N150 N300 T3K P100 P150 P300C Galaxy 10 min Validated

Interactive Chat with Direct API

Build your own interactive chat application using tt-metal's Generator API directly.

⚠️ Llama + tt-metal source required. The Generator API used in this lesson is Llama-specific and requires ~/tt-metal cloned and built from source. If you:

Haven't accepted Meta's data terms for Llama access, or

Don't have ~/tt-metal built (QB2 and pre-configured images don't ship it)

→ Use the vLLM path with Qwen3-0.6B instead — no source build, no license gate, works on all hardware.

Why Use the Direct API?

The Generator API is the foundation for building real AI applications. This lesson teaches you how to:

✅ Load model once - subsequent queries are fast (1-3 seconds)
✅ Full control - customize sampling, temperature, max tokens
✅ Production-ready pattern - this is how you'd build real apps
✅ Educational - understand how inference actually works

Instead of running inference once and exiting, you'll keep the model in memory and chat with it interactively - the same pattern used by ChatGPT and other conversational AI systems.

How It Works

The Generator API pattern:

sequenceDiagram
    participant User
    participant Generator
    participant Model
    participant Hardware

    Note over User,Hardware: Setup - 2-5 min, once
    User->>Generator: create_tt_model()
    Generator->>Model: Load weights
    Model->>Hardware: Allocate DRAM

    Note over User,Hardware: Chat Loop - 1-3 sec each
    loop Each Query
        User->>Generator: Input prompt
        Generator->>Model: Prefill forward
        Model->>Hardware: Process prompt
        Hardware-->>Model: Logits

        loop Token Generation
            Generator->>Model: Decode forward
            Model->>Hardware: Next token
            Hardware-->>Generator: Token
        end

        Generator-->>User: Response
    end

Code pattern:

# 1. Load model once (slow - 2-5 minutes)
from models.tt_transformers.tt.generator import Generator
from models.tt_transformers.tt.common import create_tt_model

model_args, model, tt_kv_cache, _ = create_tt_model(mesh_device, ...)
generator = Generator([model], [model_args], mesh_device, ...)

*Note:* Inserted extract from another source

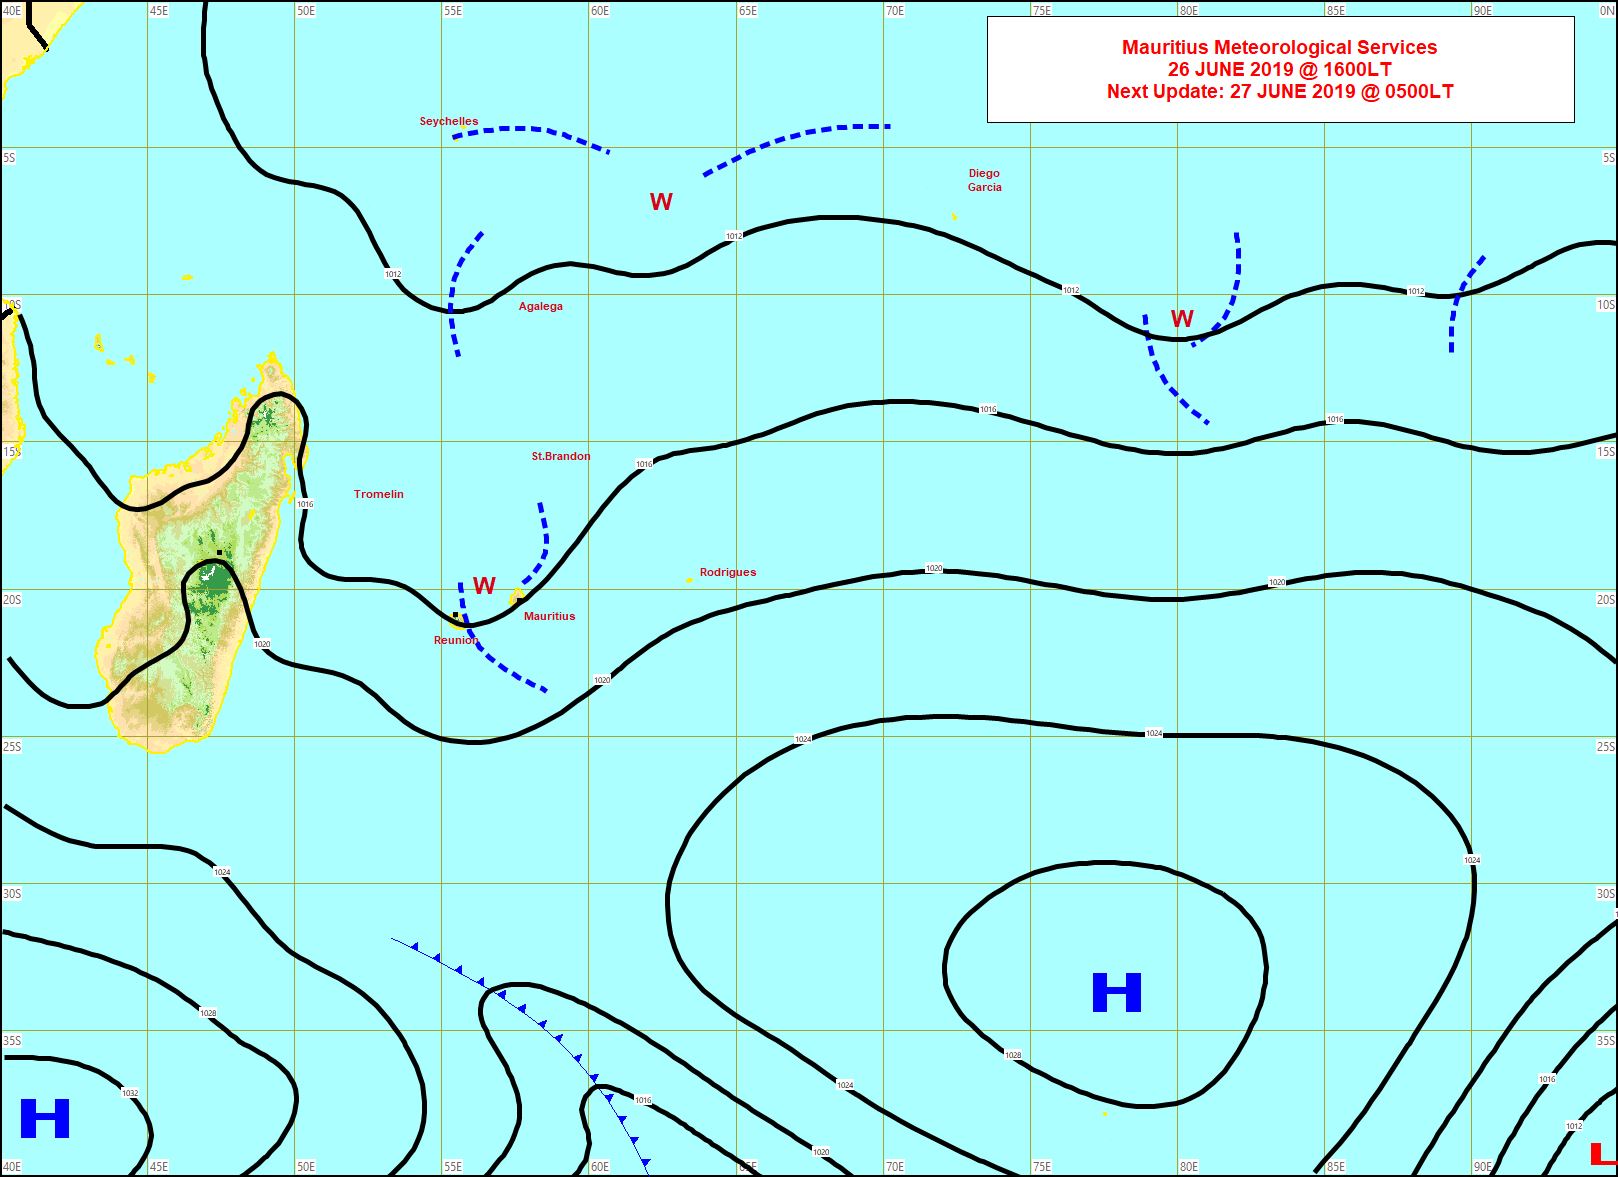 Situation à 16heures. La zone pluvieuse(w) se désagrège à proximité des Iles Soeurs. Un anticyclone s'approche graduellement de notre zone par le Sud-Ouest. MMS

# 2. Chat loop - reuse the loaded model! (fast - 1-3 seconds per response)
while True:
    prompt = input("> ")

    # Preprocess
    tokens, encoded, pos, lens = preprocess_inputs_prefill([prompt], ...)

    # Prefill (process the prompt)
    logits = generator.prefill_forward_text(tokens, ...)

    # Decode (generate response token by token)
    for _ in range(max_tokens):
        logits = generator.decode_forward_text(...)
        next_token = sample(logits)
        if is_end_token(next_token):
            break

    response = tokenizer.decode(all_tokens)
    print(response)

Key insight: The model stays in memory between queries!

Starting Fresh?

If you're jumping directly to this lesson, verify your setup:

Quick Prerequisite Checks

# Hardware detected?
tt-smi -s

# tt-metal installed?
python3 -c "import ttnn; print('✓ tt-metal ready')"

# Model downloaded (Meta format)?
ls ~/models/Llama-3.1-8B-Instruct/original/consolidated.00.pth

All checks passed? Continue to Step 1 below.

If any checks fail, complete these lessons first:

Issue	Solution
No hardware detected	Hardware Detection
No tt-metal installed	Verify Installation or installation guide
No model downloaded	Download Model

Quick model download:

hf auth login --token "$HF_TOKEN"
hf download meta-llama/Llama-3.1-8B-Instruct --local-dir ~/models/Llama-3.1-8B-Instruct

Dependencies Required

This lesson uses the Generator API which needs:

pip install pi  # Required for Generator API
pip install git+https://github.com/tenstorrent/llama-models.git@tt_metal_tag

Already installed? Check with:

python3 -c "import pi; print('✓ pi installed')"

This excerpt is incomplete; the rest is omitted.